Yesterday we saw politicians and commentators crowing about bigger than expected economic growth, up 0.8% for the quarter. Yet I keep meeting people who ask “If the economy’s growing, why does it feel so bad?” The answer is all about how the numbers work…
Way back in Nov 2008, I wrote a blog predicting exactly such tales of growth once the recession ended (see Recession’ll end soon: The joy of maths) and it’s roughly exactly what’s happening now. Here’s a cut and paste of some of what I wrote then…
What recession ending really means…
GDP (Gross Domestic Product) basically means the size of the economy, for ease of numbers lets imagine…
UK GDP = £1,000 billion (it’s actually bigger)
Recession then means two quarters of shrinking economy. We know it’s deep so let’s now imagine the economy contracts by 1% a quarter (3 months):
After quarter 1: UK GDP = £990 billion
After quarter 2: UK GDP = £980 billion
After quarter 3: UK GDP = £970 billion
After quarter 4: UK GDP = £961 billionSo a year on we’ve seen the economy shrink by £39bn or 3.9% in a year. Now imagine after the next quarter the economy now jumps to £962 billion, still massively smaller than it was when the recession started. Yet as this is growth of 0.1% the recession is technically over. More so technically even if the economy then shrunk again the next quarter we wouldn’t be in recession because two negative quarters are required.
So when you hear politicians talk about the end of the recession, they may not be talking common parlance. It doesn’t mean things have gone back to how they were. It simply means things have stopped getting any worse.”

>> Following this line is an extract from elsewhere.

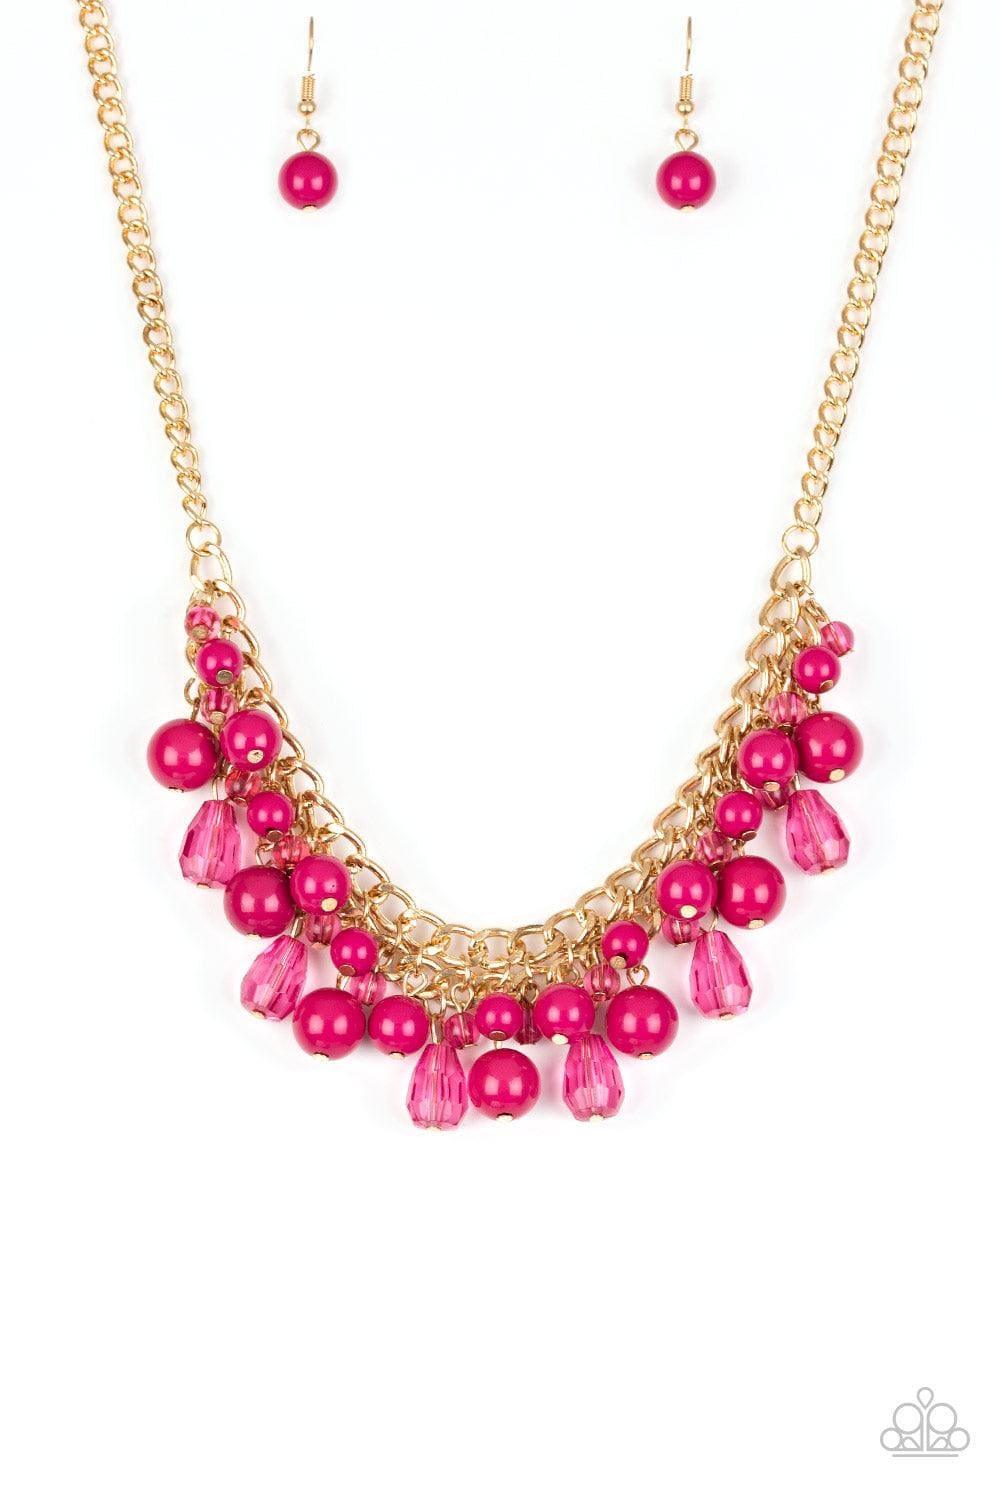 Paparazzi Accessories - Tour De Trendsetter - Pink Necklace - Bling by JessieK

What’s happened in practice
This GDP growth graph from the Office for National Statistics is a pretty realistic illustration of the current “the economy’s growing” language that we’re hearing:
Source: Office of National Statistics
It shows that the current rise is nowhere near as big as the recession’s fall, so overall the economy is still substantially smaller than pre-recession.
Think in terms of acceleration and growth
While this is very obvious to those who follow finance, it can be very confusing for others. The best way to think about it is a bit like acceleration and speed when it comes to driving a car.
If someone is driving at 50mph and accelerates to 60mph, they have momentum, but they’re still going more slowly than someone driving at a constant 70mph.
And our economy may be moving in the right direction, but it’s still smaller than pre-recession.
Now please don’t think me a curmudgeon here, I’m not decrying the growth. It’s great news that we’re in the recovery phase and I hope it continues. Yet this does answer the “”If the economy’s growing, why does it feel so bad?” question.
And there are other factors too: personal bankruptcy for example tends to time-lag in recessions. The peek can be two years afterwards, as people who’ve been clinging on finally succumb, so while it’s joyous that things are improving and it lets us look forward to the future, we’re far from out of the woods.